Evaluate the following integrals. $$\int \frac{\ln 2 x}{x} d x$$

Short Answer

Expert verified
Question: Evaluate the integral $$\int \frac{\ln 2x}{x}dx.$$ Answer: $$\int \frac{\ln 2x}{x}dx = \frac{1}{2}(\ln 2x)(\ln |x|) + C$$

Step by step solution

01

Choose u and dv

Let \(u = \ln 2x\) and \(dv = \frac{1}{x} dx\)
02

Calculate du and v

Now we need to calculate du and v.

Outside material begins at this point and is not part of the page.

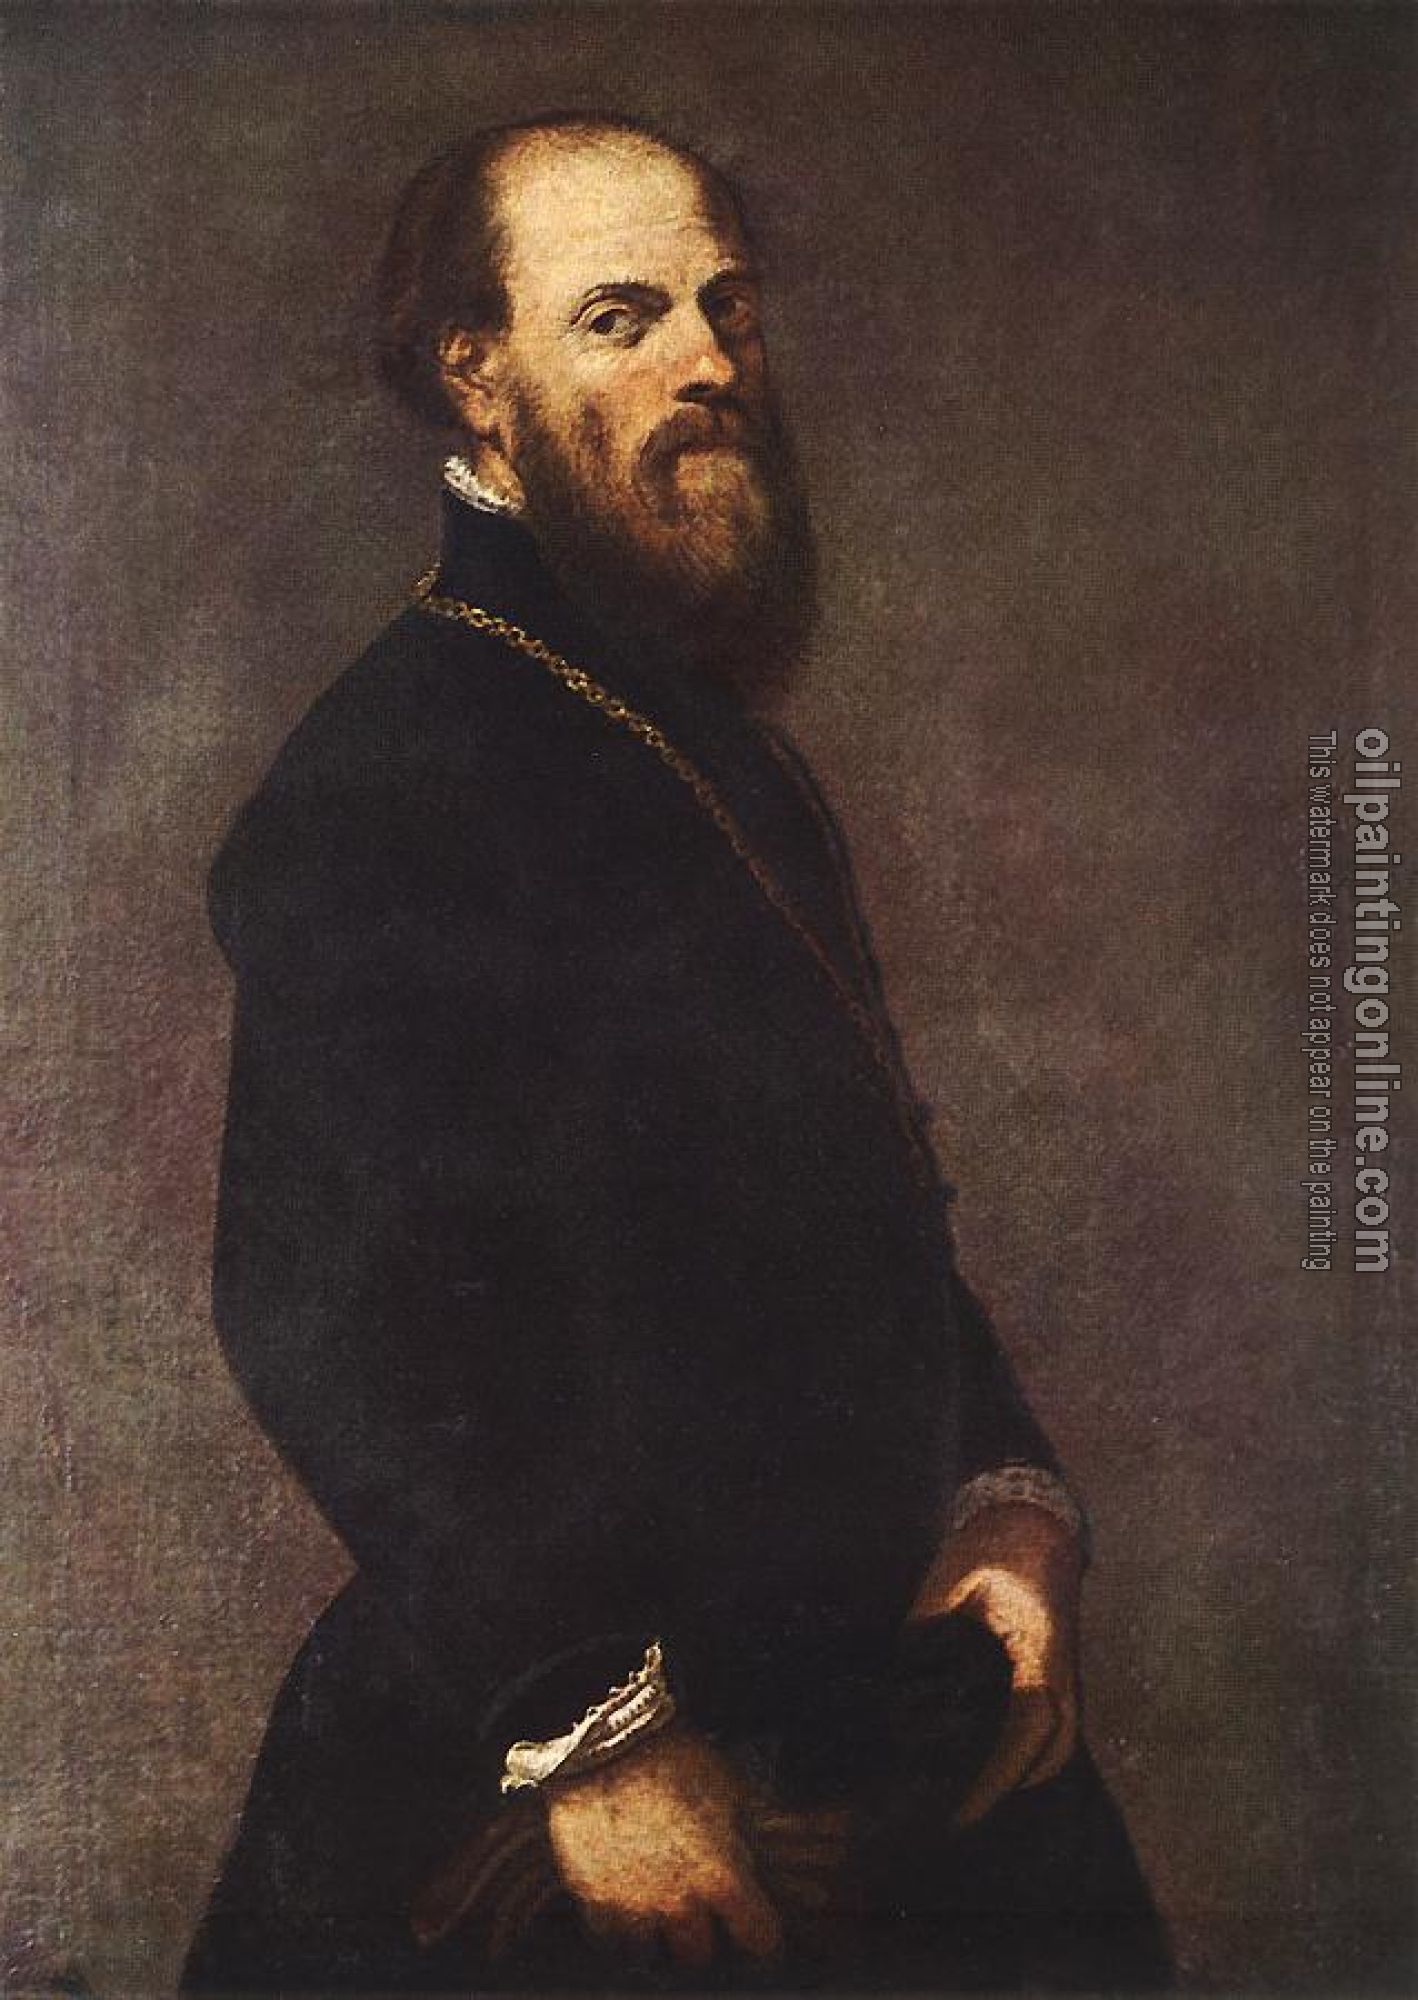 Jacopo Robusti Tintoretto - Man with a Golden Lace

For du: \(du = \frac{d}{dx}(\ln 2x)dx = \frac{1}{x}dx\) For v: \(v = \int dv = \int \frac{1}{x} dx = \ln |x|\)
03

Apply integration by parts

Using the integration by parts formula: $$\int \frac{\ln 2 x}{x} dx = \int u \, dv = uv - \int v \, du$$ So we have, $$\int \frac{\ln 2 x}{x} dx = (\ln 2x)(\ln |x|) - \int (\ln |x|) \frac{1}{x}dx$$
04

Evaluate the remaining integral

The remaining integral is the same form as the initial integral, so we can just write it in terms of the initial integral: $$\int \frac{\ln 2 x}{x} d x =(\ln 2x)(\ln |x|) - \int \frac{\ln 2 x}{x} d x$$
05

Solve for the initial integral

Now, we can solve for the initial integral by moving it to the other side: $$2\int \frac{\ln 2 x}{x} d x =(\ln 2x)(\ln |x|)$$ Divide both sides by 2: $$\int \frac{\ln 2 x}{x} d x =\frac{1}{2}(\ln 2x)(\ln |x|) + C$$ So, the final answer is: $$\int \frac{\ln 2 x}{x} d x =\frac{1}{2}(\ln 2x)(\ln |x|) + C$$ where C is the constant of integration.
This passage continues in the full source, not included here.